Poor Crawford has developed yet another affliction. Her left back leg was injured way before we adopted her. It was broken badly. Her former human(s) must have loved her; they had the leg pinned. So that leg is bent a bit and is therefore a little shorter than the good, right back leg. Lately, she's begun to drag the toenails on her good leg. The short bad leg is less able to hold itself out long enough when she strides to keep the good leg off the ground. When she runs or trots, she picks the good leg and foot up far enough to clear the ground. But when she walks, her left back foot twists outward a little and she drags the middle toenails on her right foot. Two days ago, she finally had drug one toenail so short that it had begun to bleed. I doctored it to prevent infection, then patched it with a tiny piece of duct tape. That actually worked, but wore off quickly. So I jumped online and found something called Soft Claws. They make nail covers for dogs and cats. Their primary purpose is to protect hard wood floors and furniture or to prevent a pet from doing damage to itself when scratching. I ordered a batch and they arrived in two days! Amazing! I affixed two of them to the two most vulnerable toenails. We'll see tomorrow how they work on the pavement. Crawford's such a good girl. She just let me glue them on. They come with adhesive. I ordered black, although they come in several other colors. Like me, Crawford is not the girly-girl type, so I figured she'd prefer the black. They are non-toxic, so if she decides to chew them off and swallows them, they will simply pass through. The photo above shows her sporting her new toenails. Look closely to her back foot in the photo and you can see them. Nice, huh?
A hui hou. Aloha!

Sunday, July 22, 2007

Rainy weekend

How do you like the new look o' the blog? The banner at the top was cut from a photo of a giant leaf covered in rain drops. Pretty cool, huh? I think I need to change the color of the heading font, but I haven't figured out how to do that yet.
The tropical depression that's come and gone left us with a generally soggy weekend. We spent it puttering around the house. The dog's are bored stiff. Today, Ron chased a passel o' pigs from the yard with his trusty .22 caliber rifle. That provided some excitement to an otherwise dull day.
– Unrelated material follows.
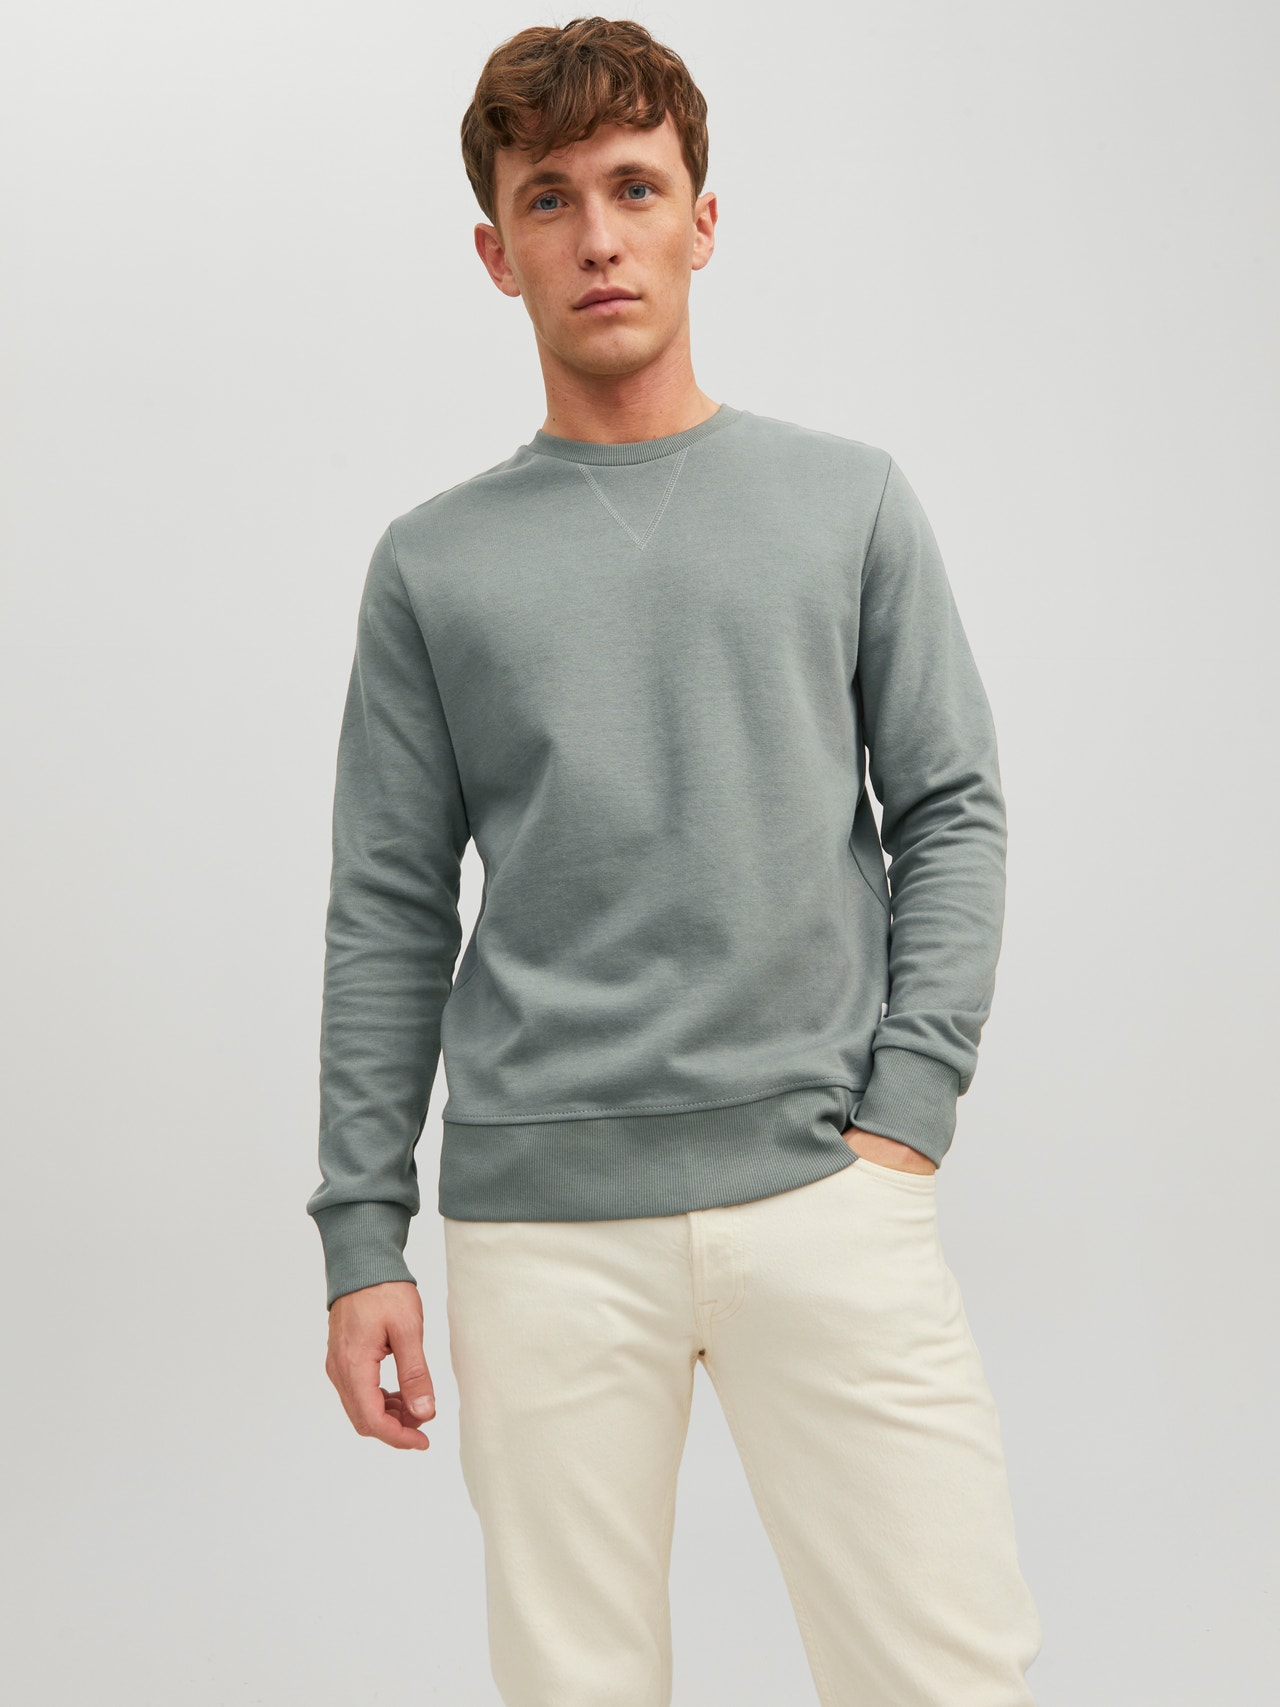 Jack & Jones Plain Sweatshirt -Sedona Sage - 12181903

He didn't hit any of them, but he scared them away. Our neighbor has hit two in the past few days. He's a much better shot than Ron. He's smokin' 'em up. I'm actually glad Ron didn't hit one. I wouldn't know what to do with it if he did. Actually, I would know what to do with it but I wouldn't want to do it. I know the pigs are just trying to survive in this world, just like we are. But they are a menace to gardening and farming. So we'll just keep scaring them away.
All over the island, kids are already getting ready to go back to school. They start next week! Summer vacation is a scant six weeks here. There are fund raisers and school supply collections drives everywhere you turn. It's heartbreaking to me that kids' parents can't even afford to buy them notebooks, pencils, paper and folders for school. I am reminded of a bumper sticker I've seen around lately. It says, "It will be a great day in America when all of our schools have all the money they need and the Air Force has to hold a bake sale to buy a bomber." Indeed.
Harrison Ford, Steven Spielberg and George Lucas have been spotting in various spots around east Hawaii. They're shooting the next Indiana Jones movie. Luckily for Indiana, we have no snakes in Hawaii.
Another week is ahead with oodles of island fun in store.
A hui hou. Aloha!

Saturday, July 21, 2007

Catfish and Cosme

We're tucked away in our little hovel tonight, riding out what has turned out to be a very mellow Tropical Depression Cosme. Earlier this evening, we ventured down to Kea'au to check out the catfish and gumbo special at Paradise Bar and Grill. En route, we spotted a large, white pickup truck overturned just off the side of the highway. It was upside down with it's cab, ever-so-luckily poking downward into a fairly wide ditch. The fourth of four passengers was wiggling out of the driver's side window as we pulled up and stopped. When I asked, everyone said that they were OK and had all gotten out of the truck. It was obvious that they had all been wearing seat belts. They were, however, noticeably shaken up. That included a little boy of about four who seemed all but frozen in fear. He just stood there staring blankly. Poor kid. That would scare me too. It was raining pretty hard at the time and the truck just lost its grip on the road, veered and flipped. It happened in an instant. With all victims walking around and insisting they were fine, we proceeded on our way. As we pulled away from the shoulder, two police cars, a fire truck and an ambulance pulled up. They had arrived very quickly. I was impressed.
It continued to rain so hard we had to raise our voices to talk on the outdoor patio where we were seated at the restaurant. That was really only partially due to the rain. The crowd noise, combined with the musical stylings of the Chris Scott Band wafting through the open-air doorways, had us pretty much shouting our conversation. The band covers Jimmy Buffett and John Denver. The baby-boomer crowd seems to appreciate them. The special menu for the night was loaded with typos, so Ron borrowed a pen and we made corrections. According to the menu, they were serving "blackend cod" with "potaots." Yummy! As it turned out, the delivery of catfish never arrived. So they served calamari, mahi-mahi, shrimp, scallops and gumbo instead. That was just fine. On the menu, it was listed as the "captians" plate. The gumbo was actually pretty good. The margaritas were, however, the worst I've ever had. They were served with a
lemon wedge, if you can believe that. We switched to beer for the second round. There was no third round. We had to navigate our way home in the downpour.
Right now, the deluge continues. It's loud enough on the roof that extra volume is required to hear the T.V.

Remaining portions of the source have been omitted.